● **EXERCISE**:
Starting with the line with "The Best Fashion" in the entries below and going on through the line with "Apparatus for moving", output every line exactly and nothing more. No pictures.

● **PROVIDED RECORDS**:
•••••

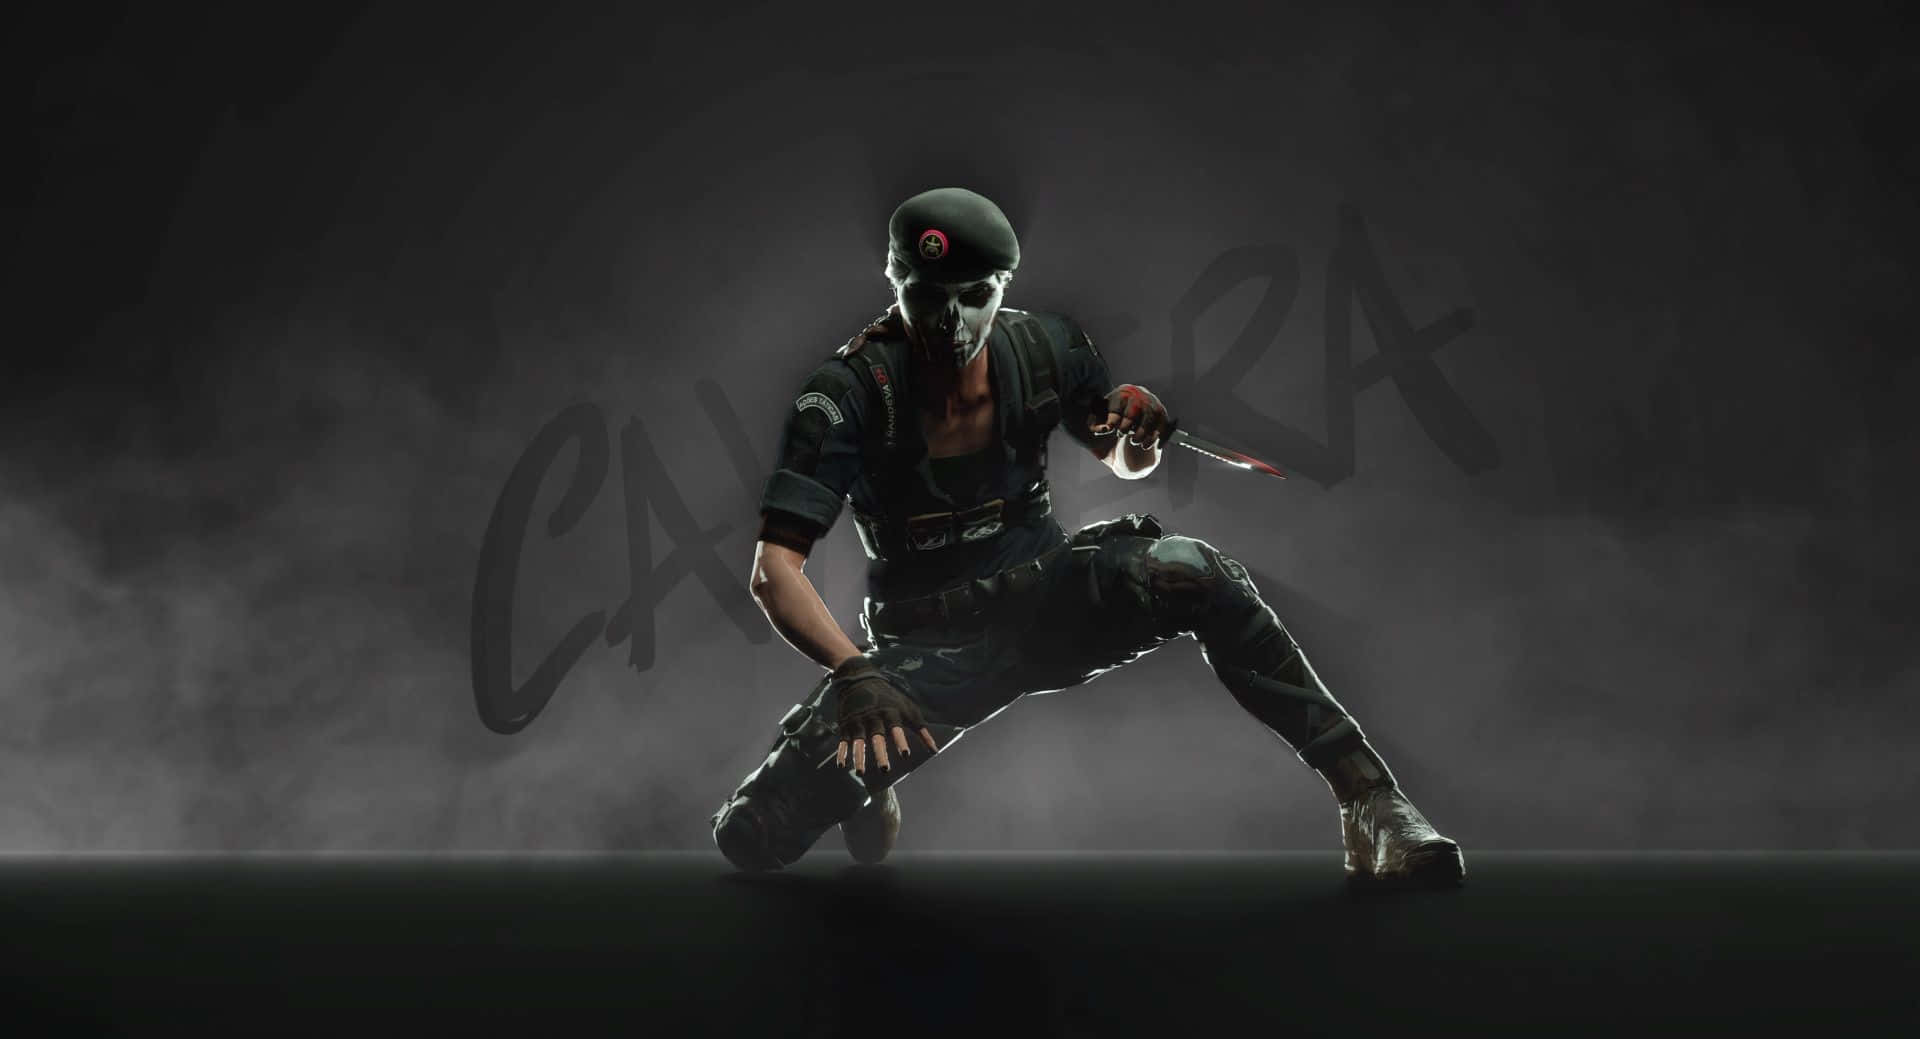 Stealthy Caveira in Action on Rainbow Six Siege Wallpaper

•••••

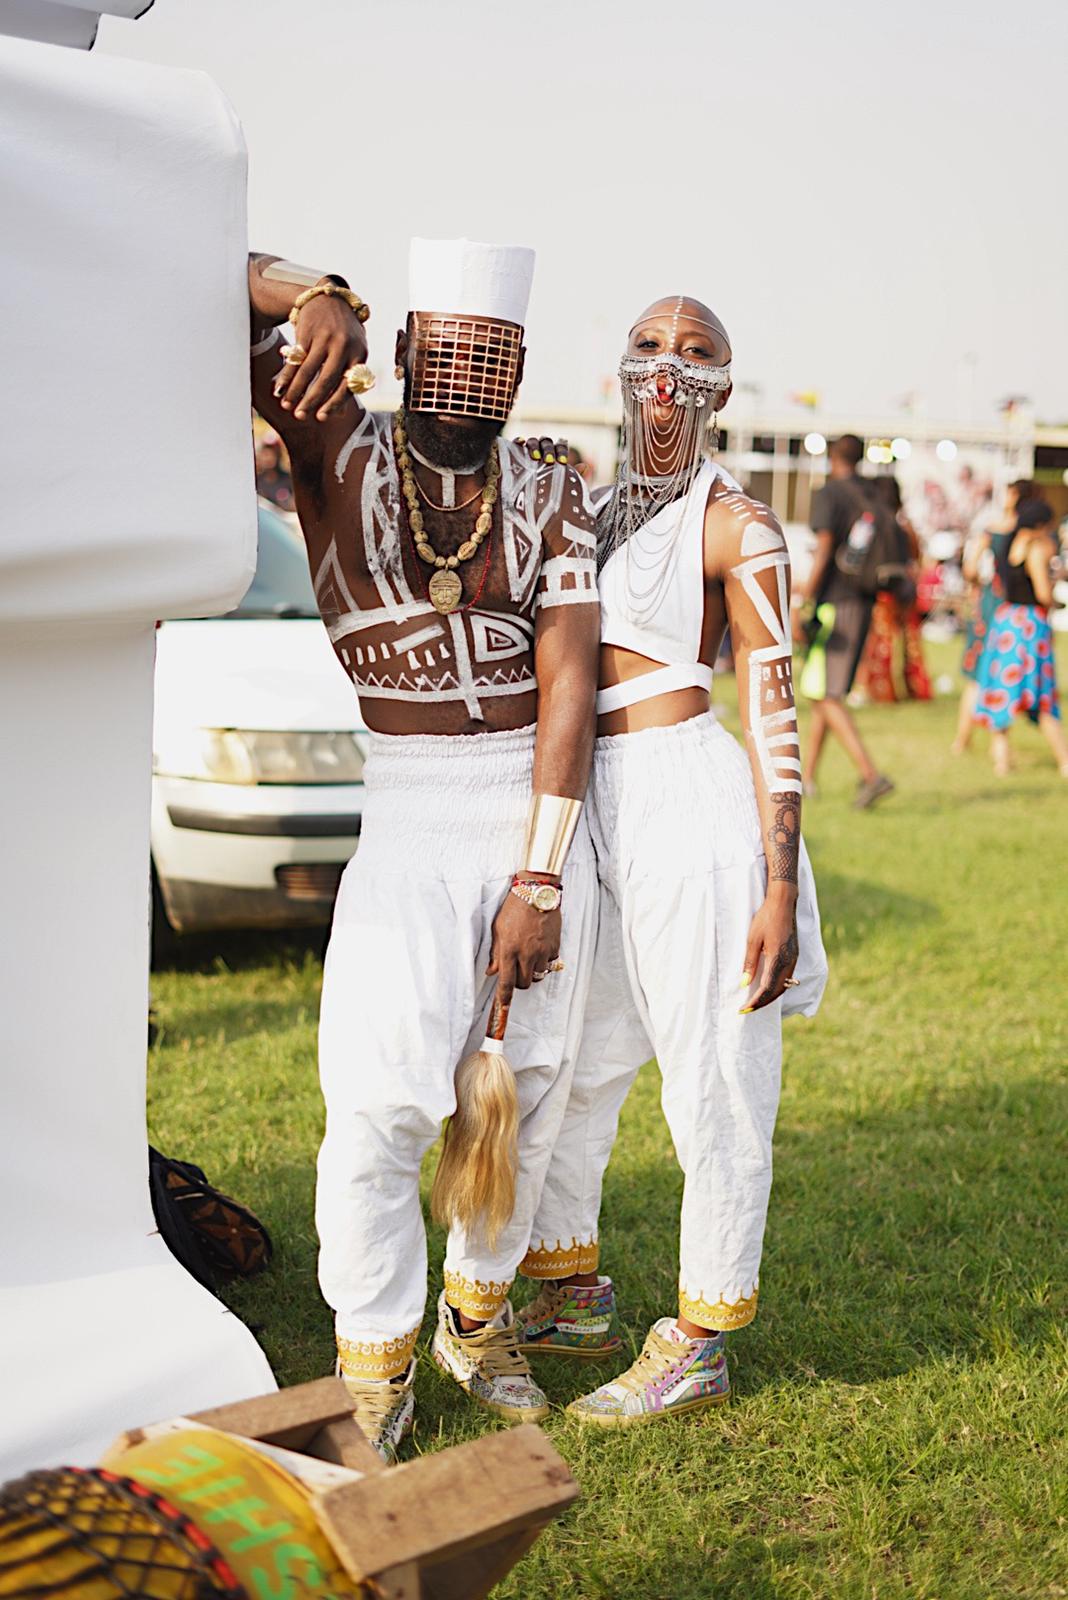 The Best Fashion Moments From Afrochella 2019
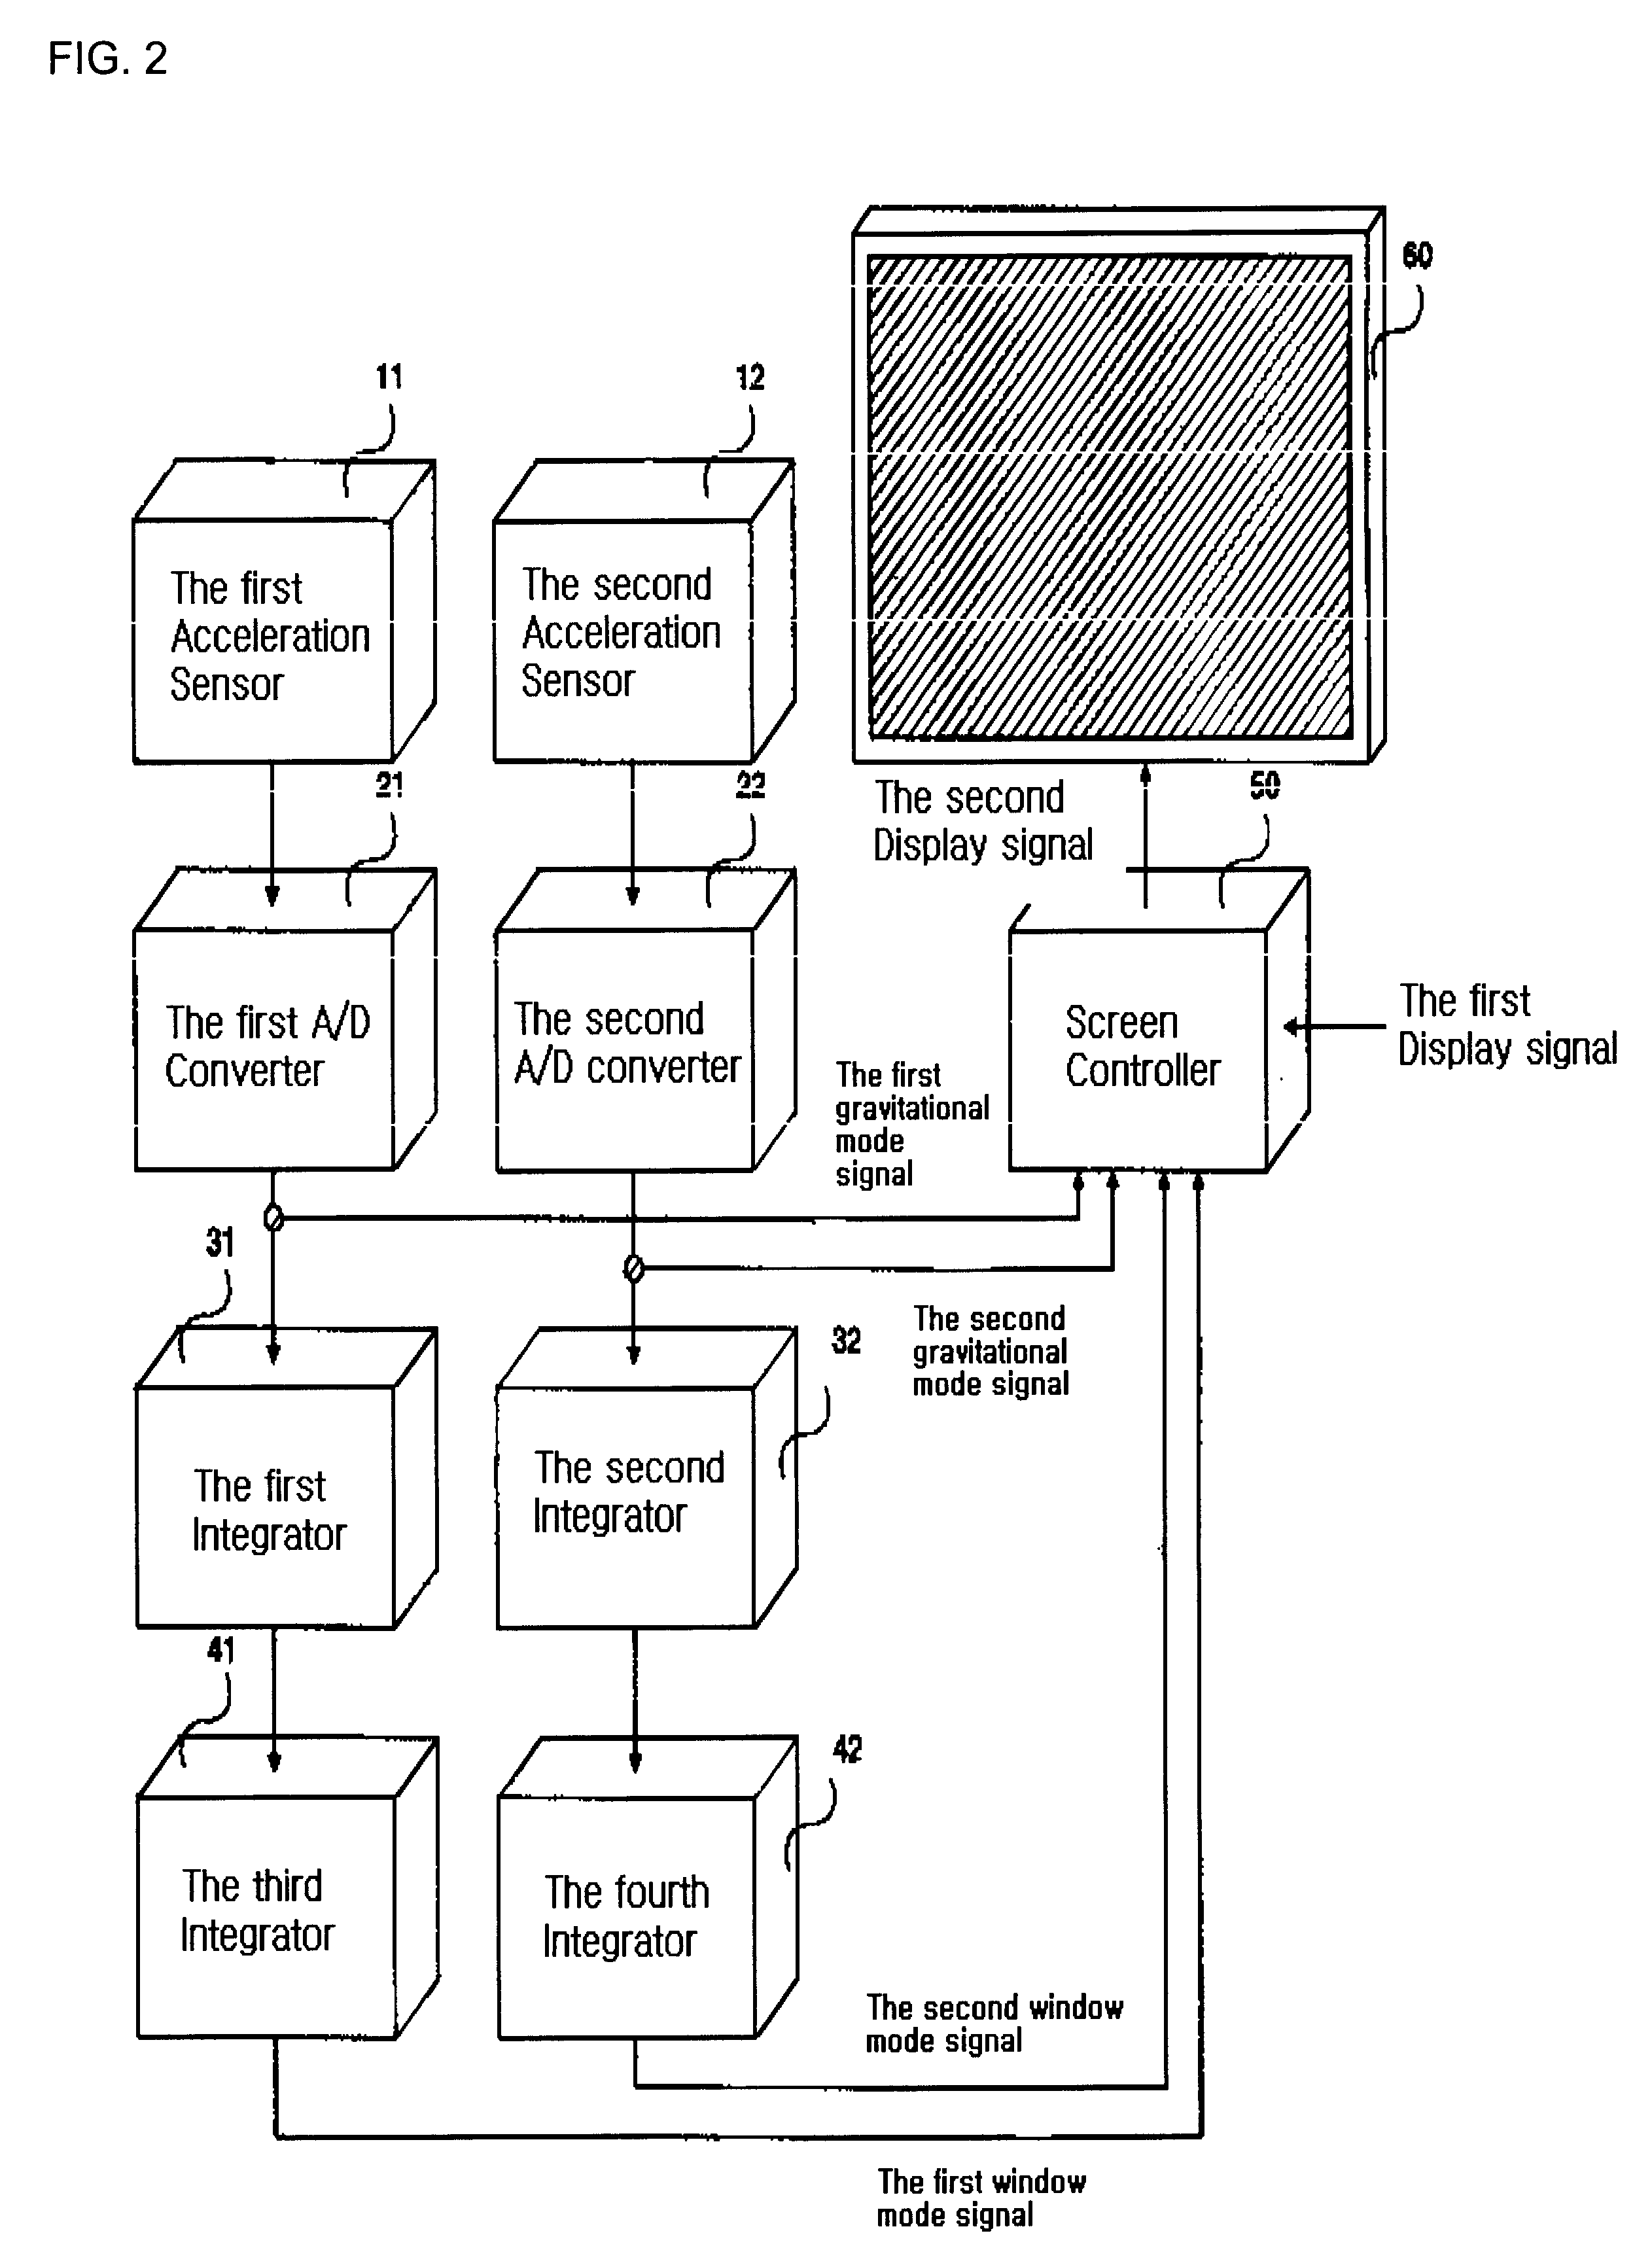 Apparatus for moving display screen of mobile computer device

•••••

● **OUTPUT**:
 The Best Fashion Moments From Afrochella 2019
 Apparatus for moving display screen of mobile computer device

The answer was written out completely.